I mean its nice if a brown or black belt can do a kata with speed and power - but hey for me as a pupil theres no chance to SEE the moves - how he moves his feet - legs - arms ...

Do you know any teaching channels that have videos that playback in slowmotion - so one can see and understand the moves?


----------



## Paul_D (May 26, 2017)

www.youtubeslow.com


----------



## PhilExpat (May 26, 2017)

Cool kannte ich tatsächlich noch nicht. 

Aber echte Lehrvideos wären schon besser.


----------



## senseiblackbelt (Dec 25, 2017)

practical kata bunkai- Shows kata Bunkai practicalkatabunkai
Karate culture - Good Bunkai and shows you modern karate techniques Karate Culture
Endless Martial Drills- Good resource for instructors endless martial drills - YouTube
Ryan Parker - Variety of awesome content Ryan Parker

Click on the green writing to go to their channels


----------



## Gerry Seymour (Dec 26, 2017)

PhilExpat said:


> My question is a bit special - so please dont just post your usual channels.
> I know already some channels on YouTube as I look to learn especially Kata at home (Shorin-Ryu)
> 
> BUT theres one thing that I miss is nearly all of them and that is SLOW MOTION !
> ...


You can change the playback speed on YouTube. If you don't like the controls they provide, there are browser extensions - I use HTML5 Video Speed Control.


----------



## Gerry Seymour (Dec 26, 2017)

PhilExpat said:


> Cool kannte ich tatsächlich noch nicht.
> 
> Aber echte Lehrvideos wären schon besser.

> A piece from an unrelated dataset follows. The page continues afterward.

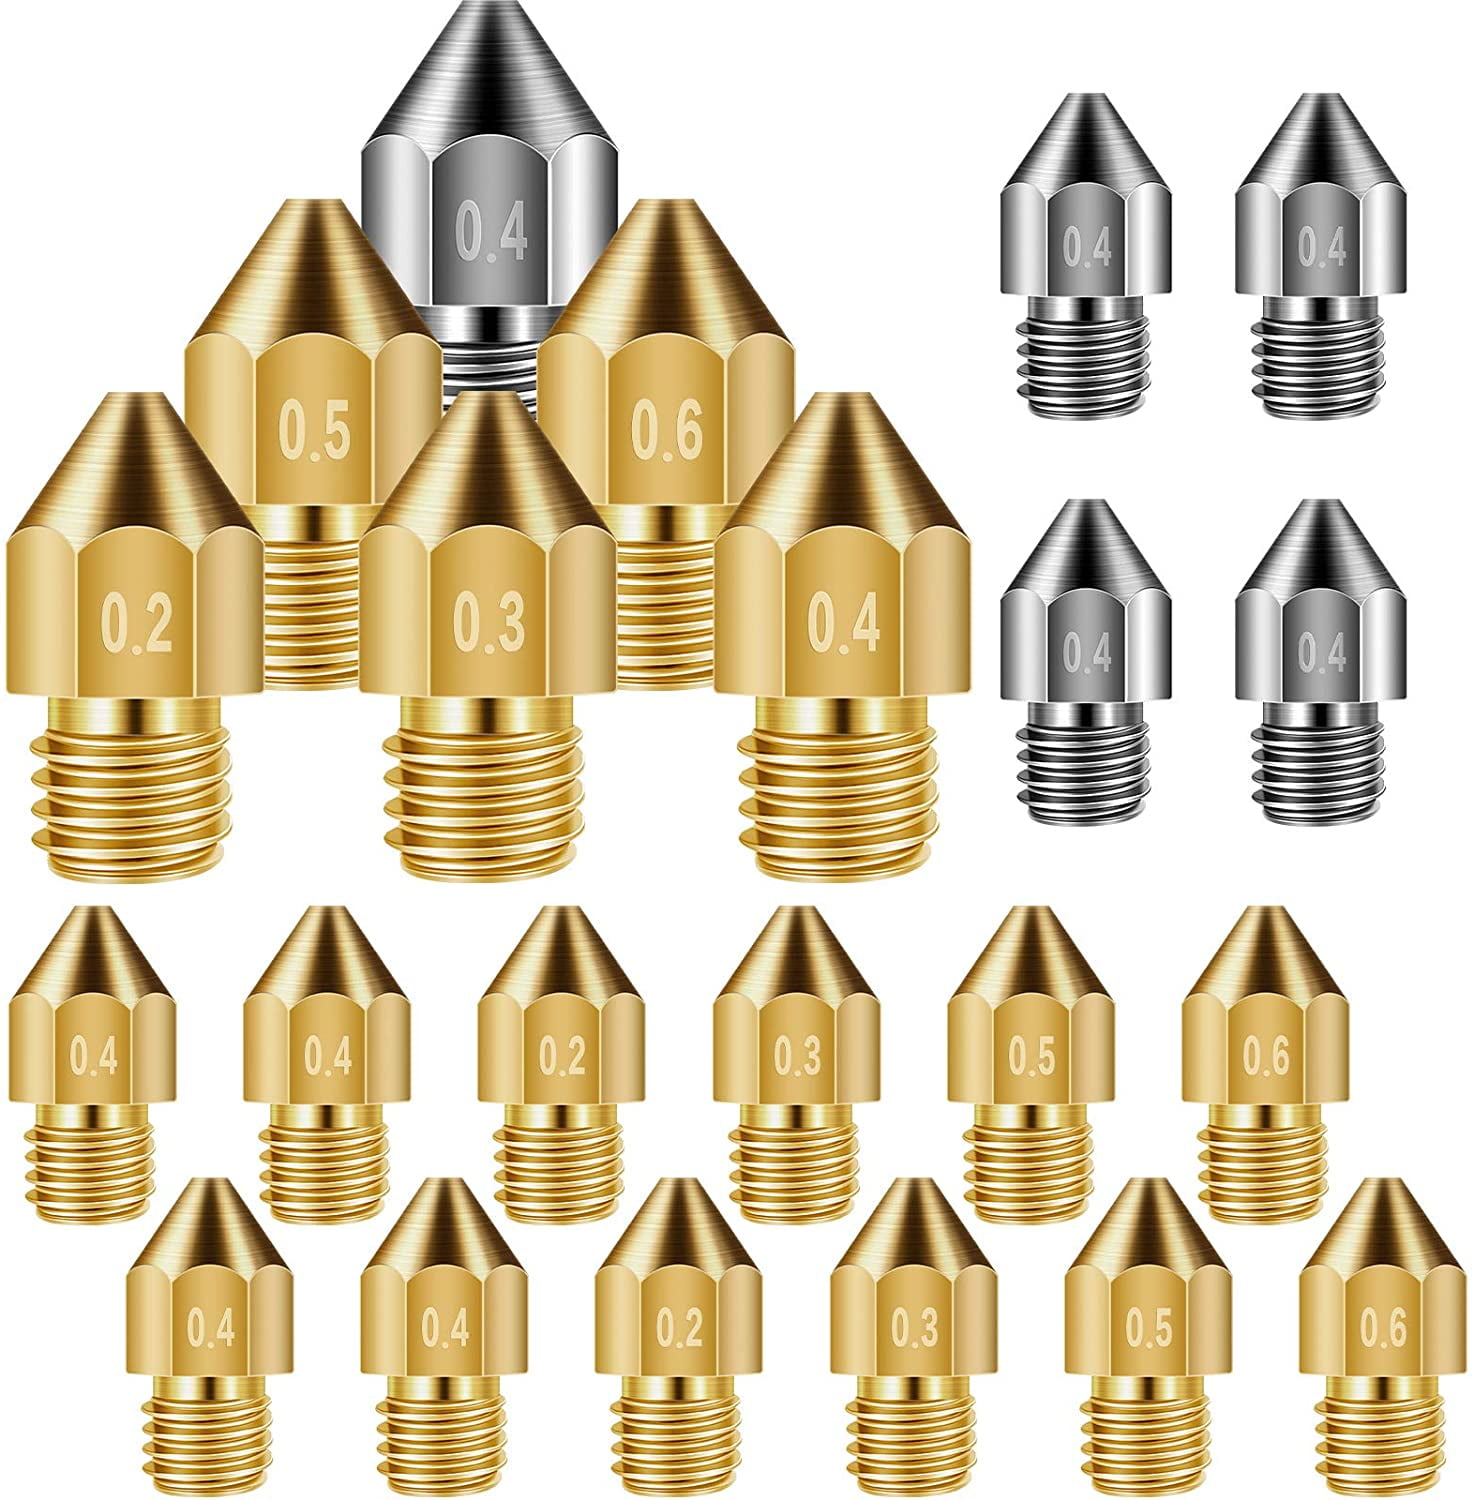 0.5mm 0.3mm 0.2mm 3D Printer Nozzles Brass MK8 Nozzle 0.4mm Extruder Print Head for 1.75mm Printer Makerbot Creality CR-10 16 Pieces

Please reply in English, so everyone on the forum can participate.


----------



## Xue Sheng (Dec 26, 2017)

Fun with Google Translate
与谷歌翻译的乐趣
Yǔ gǔgē fānyì de lèqù



gpseymour said:


> Please reply in English, so everyone on the forum can participate.



Agreed...but you know..sometimes, Google translate can be fun....use to be hilarious at times with Chinese....but when  you get translations like the first line of what he said in German...it is worth it



PhilExpat said:


> Cool kannte ich tatsächlich noch nicht.



"Actually, I did not know cool yet"

Second line however is not as funny...



PhilExpat said:


> Aber echte Lehrvideos wären schon besser.



"But real instructional videos would be better."


----------



## pgsmith (Jan 2, 2018)

Power Rangers


----------